# Finding the derivative

• Oct 14th 2009, 03:58 PM
dark-ryder341
Finding the derivative
Hi guys...I'm having some troubles with this one question and it's really starting to bug me cause I keep getting it wrong.

The question is:

http://www.webassign.net/cgi-bin/sym...x%29%29%29%5E2

So, I tried simplifying it...

v = (9*x^1/2 + 5/(3*x^1/3))^2
v = (9x^1/2 + 5/(3x^1/3))^2
I then distributed the 2 from outside the brackets into the brackets, so:
v = (81x + 25/9x^2/3)
Then I took the derivative...
v(der) = 81 + 25/6x^-1/3

Should I have done something with the 25 on the top of that fraction? I'm really not sure.

• Oct 14th 2009, 04:33 PM
skeeter
Quote:

Originally Posted by dark-ryder341
Hi guys...I'm having some troubles with this one question and it's really starting to bug me cause I keep getting it wrong.

The question is:

http://www.webassign.net/cgi-bin/sym...x%29%29%29%5E2

So, I tried simplifying it...

v = (9*x^1/2 + 5/(3*x^1/3))^2
v = (9x^1/2 + 5/(3x^1/3))^2
I then distributed the 2 from outside the brackets into the brackets, so: v = (81x + 25/9x^2/3)

can't do that ... $\displaystyle \textcolor{red}{(a+b)^2 \ne a^2 + b^2}$ ... you know better, don't you?

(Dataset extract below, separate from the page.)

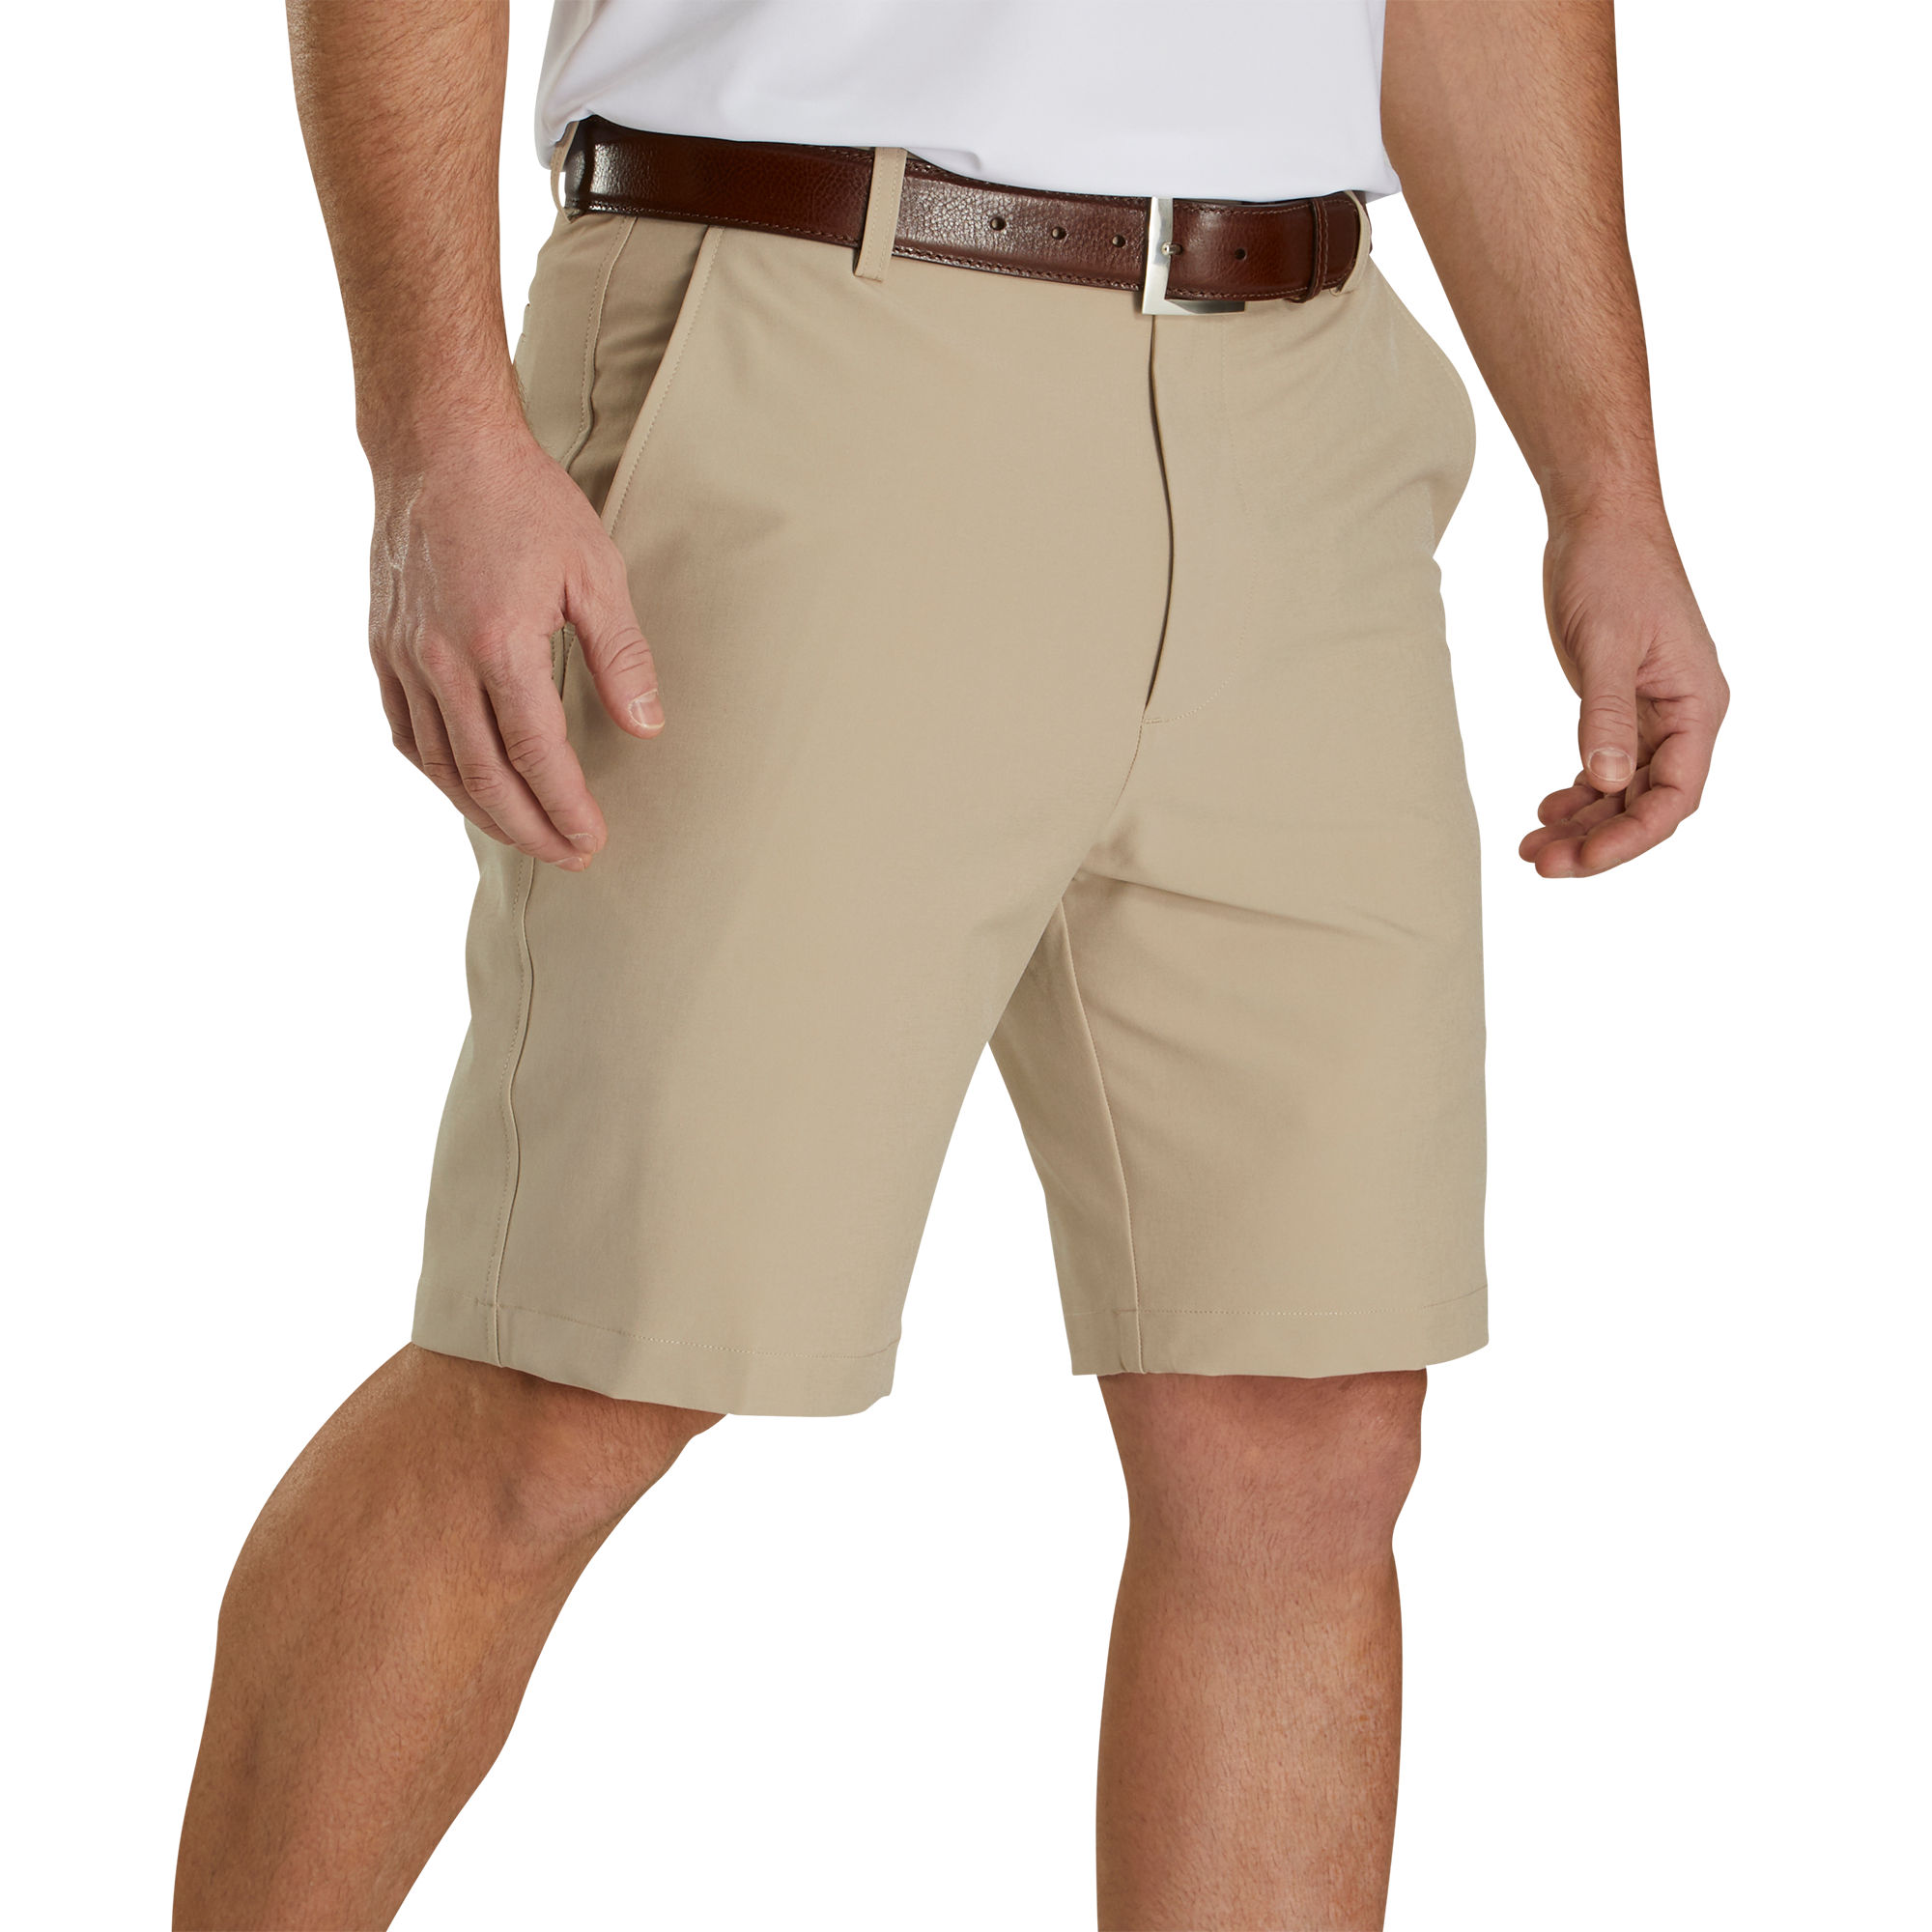 Flat Front Shorts 9.5 Inseam

if you're trying to find $\displaystyle \frac{dv}{dx}$, just use the chain rule. expanding that binomial is just going to make a bigger mess.
• Oct 14th 2009, 07:52 PM
PMatt
I really doubt you're expected to have to multiply that out. So just use the chain rule as the previous poster suggested.

n(a + b)^n-1*(da/dx + db/dx)